DATA EXTRACT:
□ □ □ □ □
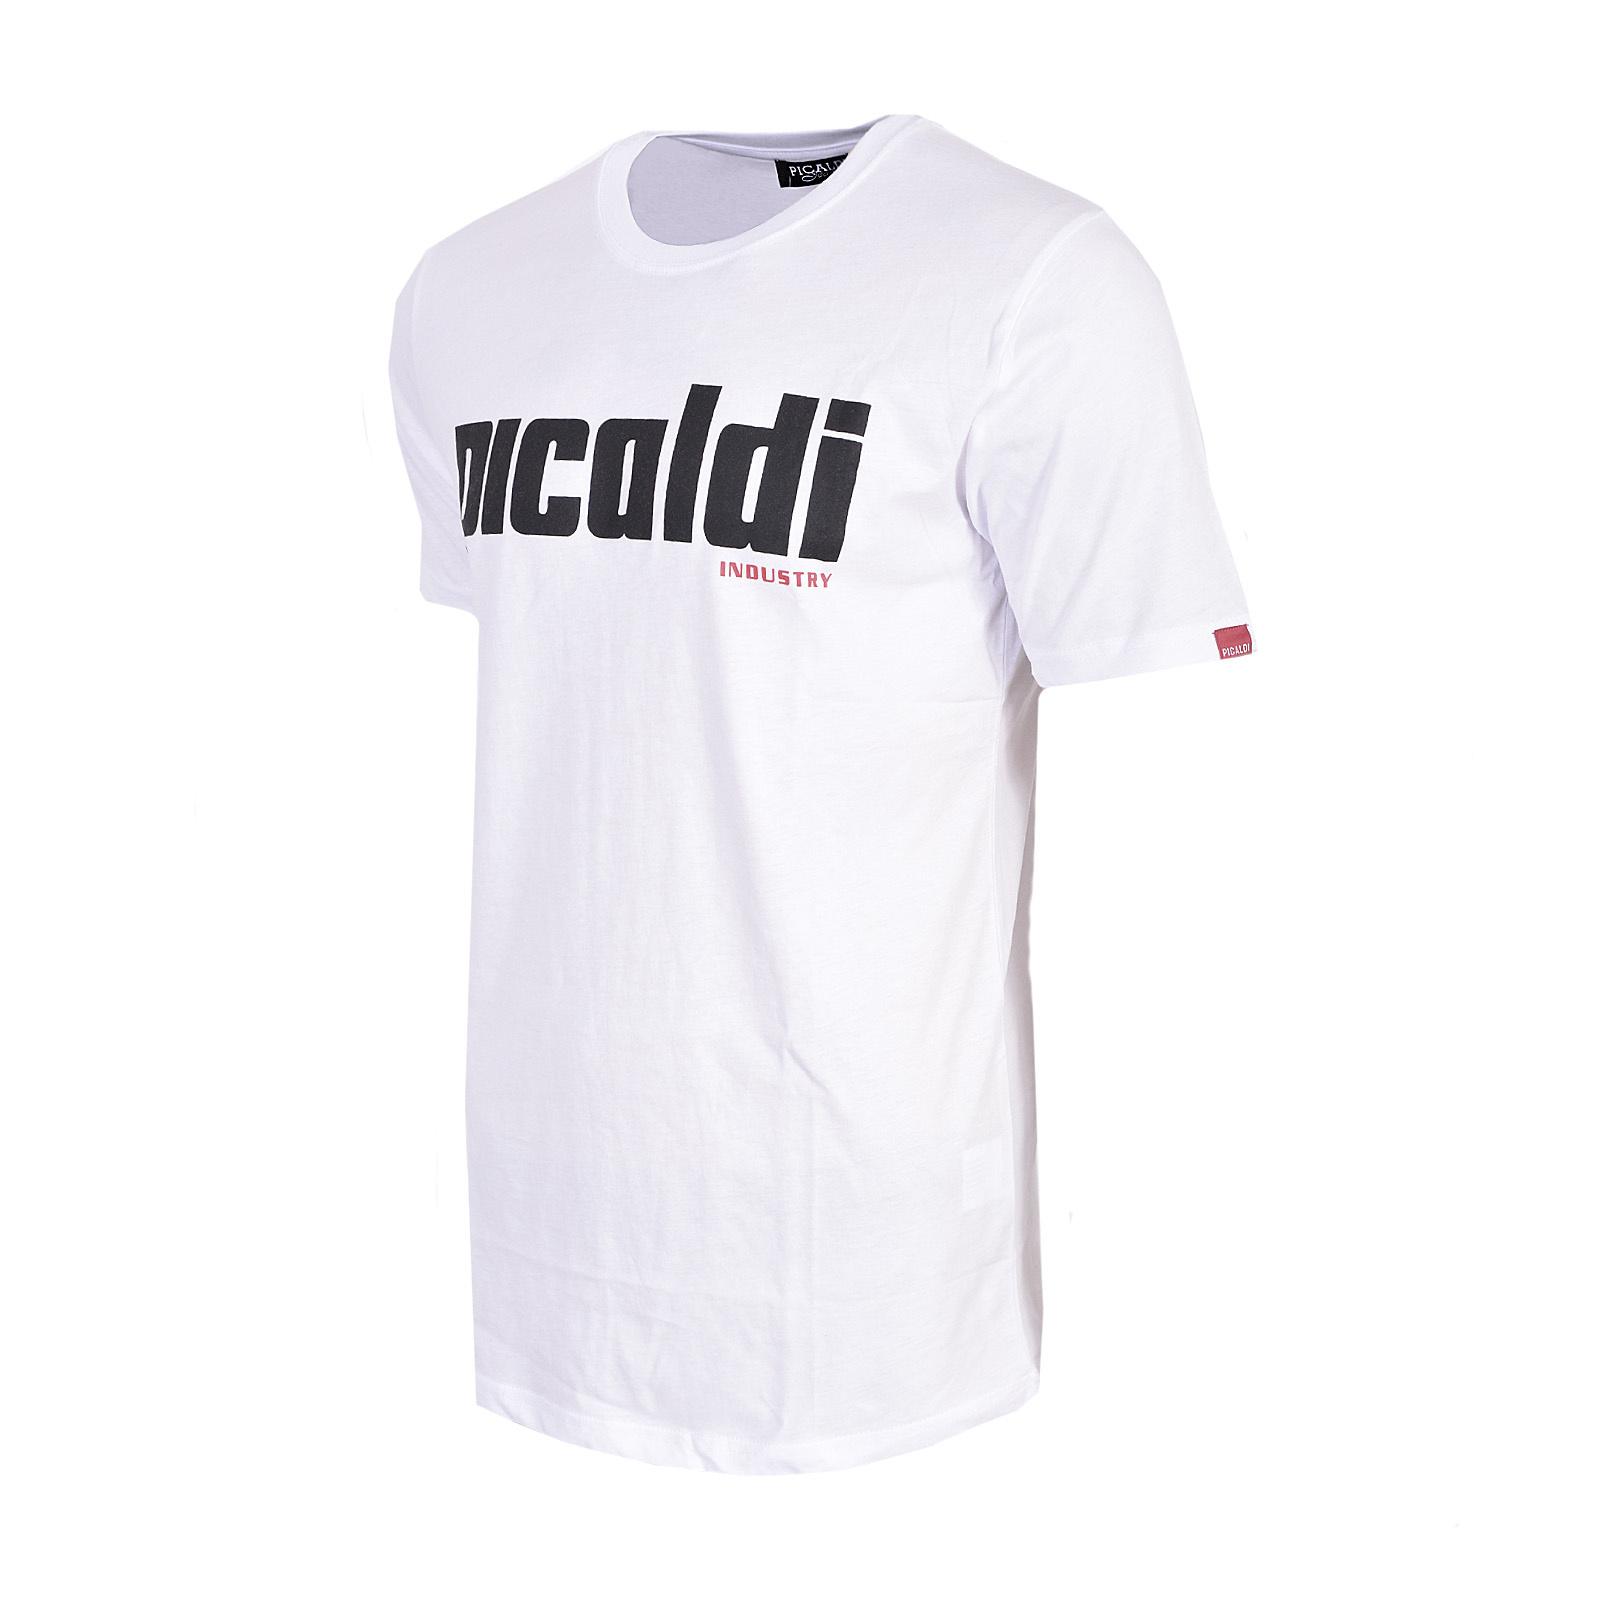 Picaldi Picaldi Shirt - Weiss
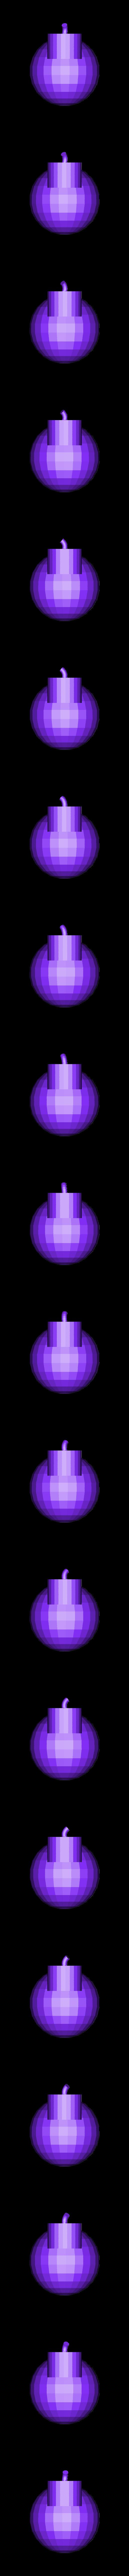 Bombs.stl Download free OBJ file Zelda Bombs • 3D printing design, Hoofbaugh
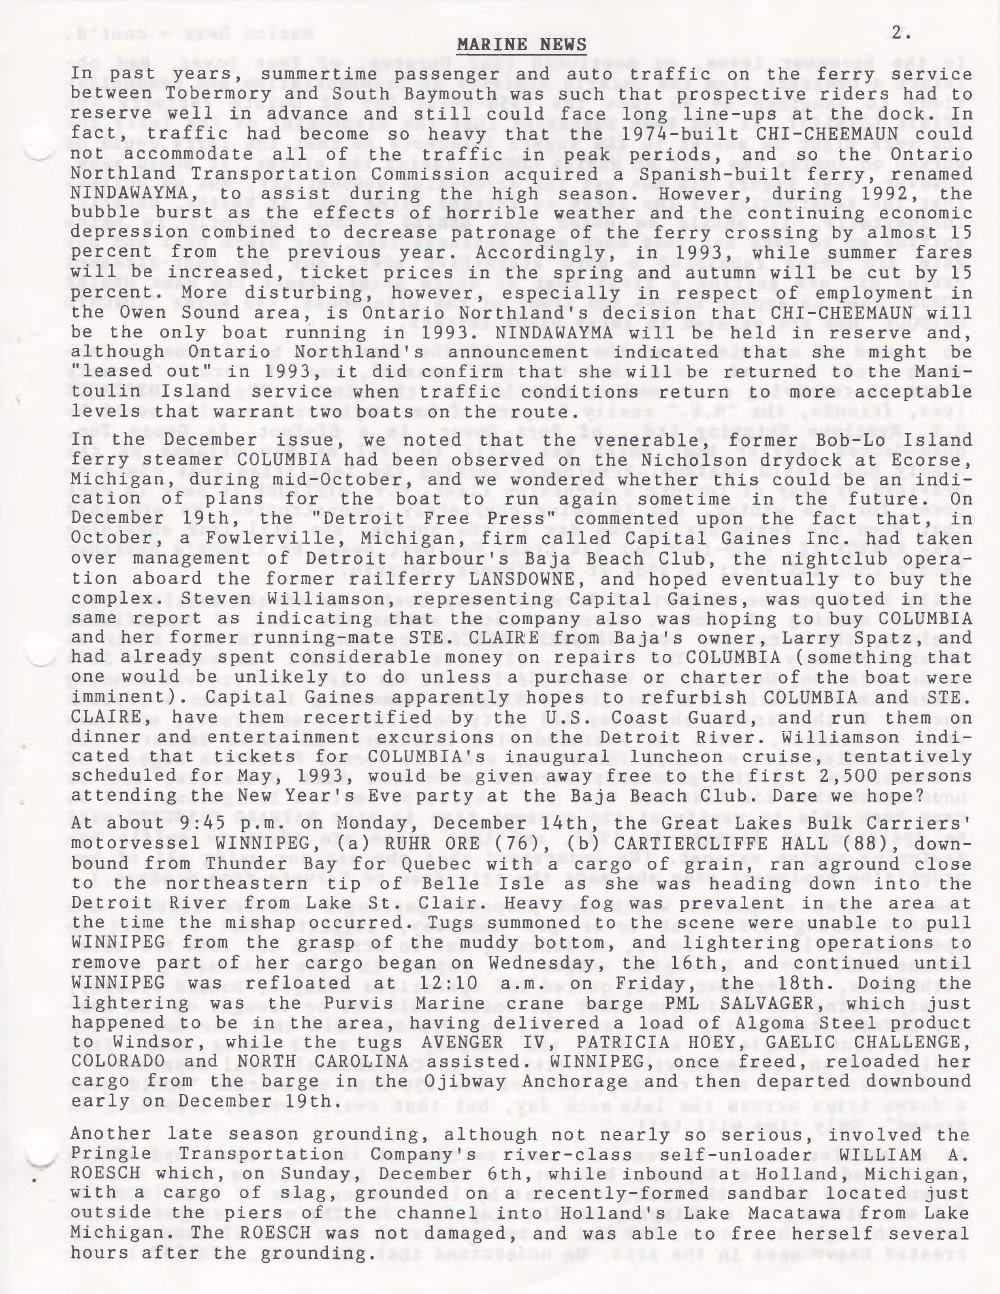 Scanner, v. 25, no. 4 (January 1993)
□ □ □ □ □
TO DO: Set down all the material exactly once more. No pictures.

EXERCISE ANSWER:
 Picaldi Picaldi Shirt - Weiss
 Bombs.stl Download free OBJ file Zelda Bombs • 3D printing design, Hoofbaugh
 Scanner, v. 25, no. 4 (January 1993)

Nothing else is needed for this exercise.